DATA PROVIDED =>
• • • •
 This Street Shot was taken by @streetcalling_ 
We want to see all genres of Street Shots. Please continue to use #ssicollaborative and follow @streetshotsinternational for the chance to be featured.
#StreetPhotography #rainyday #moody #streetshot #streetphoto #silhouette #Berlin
• • • •
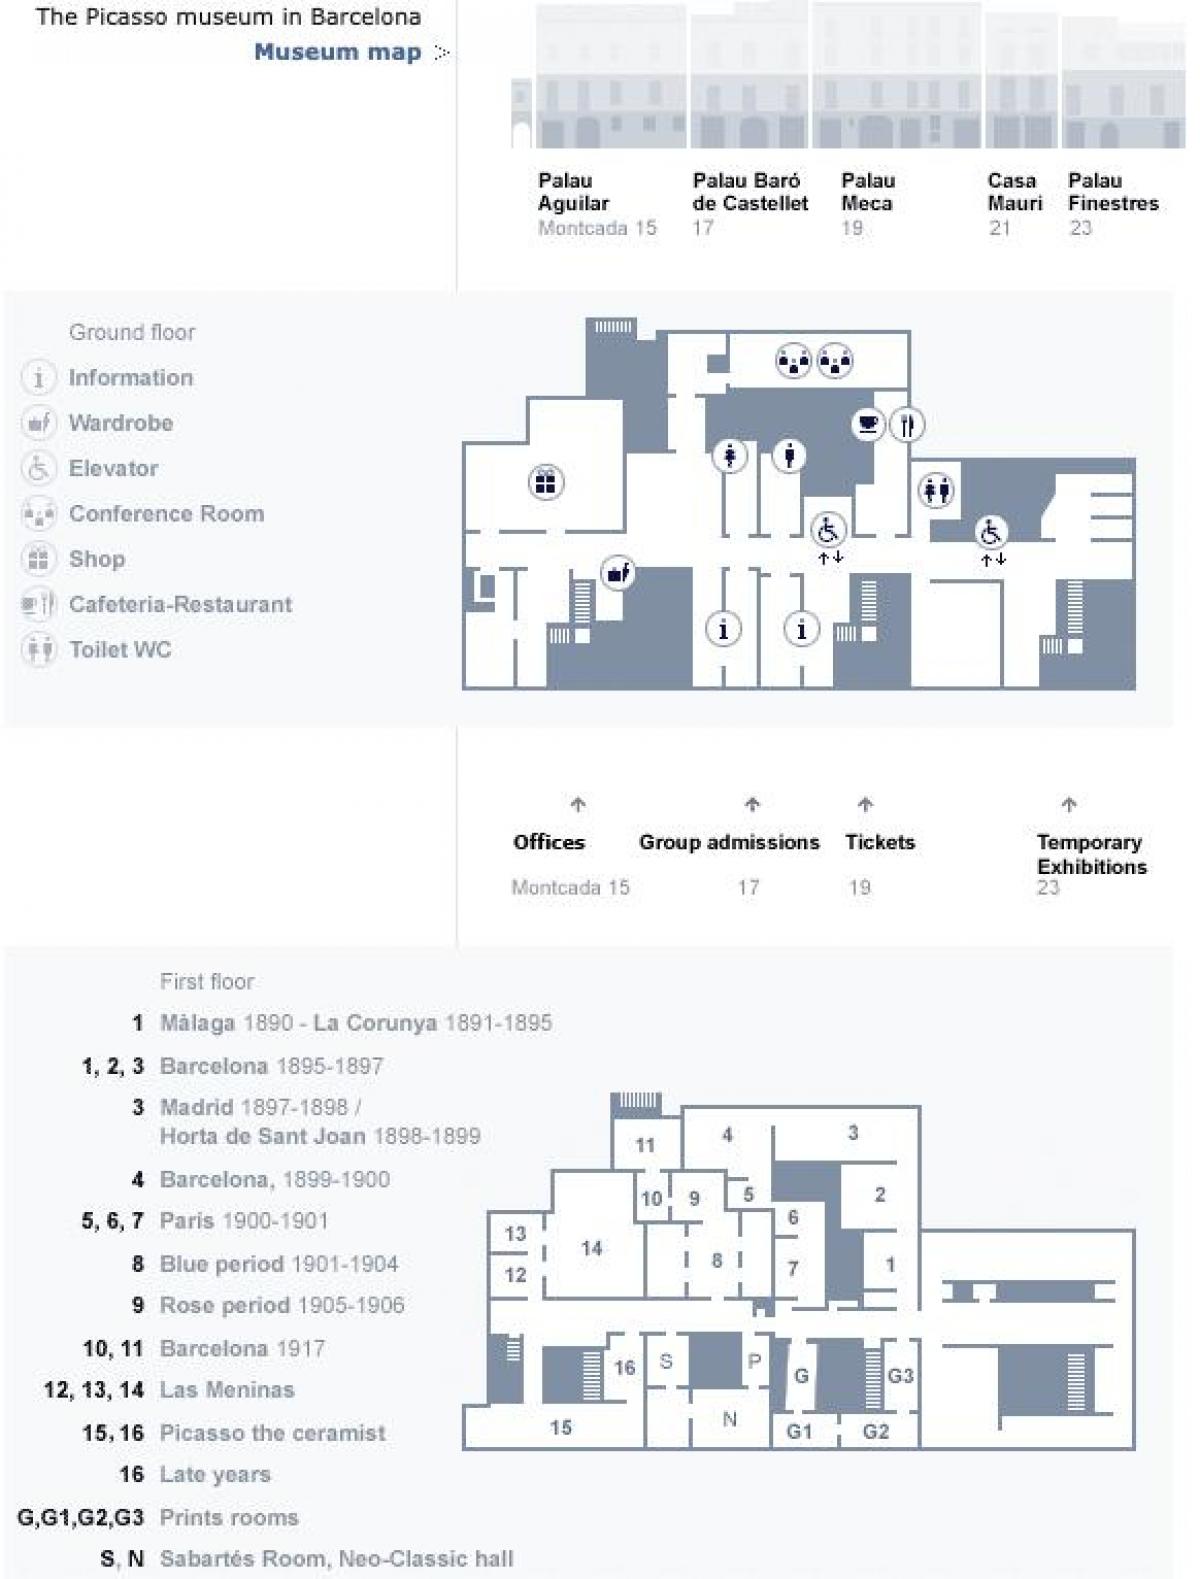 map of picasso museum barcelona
• • • •
TASK DESCRIPTION =>
Once you reach the line with "We want to see" in the data above, copy it and every line after it exactly, up to and including the line with "#StreetPhotography #rainyday #moody".

SOLUTION =>
We want to see all genres of Street Shots. Please continue to use #ssicollaborative and follow @streetshotsinternational for the chance to be featured.
#StreetPhotography #rainyday #moody #streetshot #streetphoto #silhouette #Berlin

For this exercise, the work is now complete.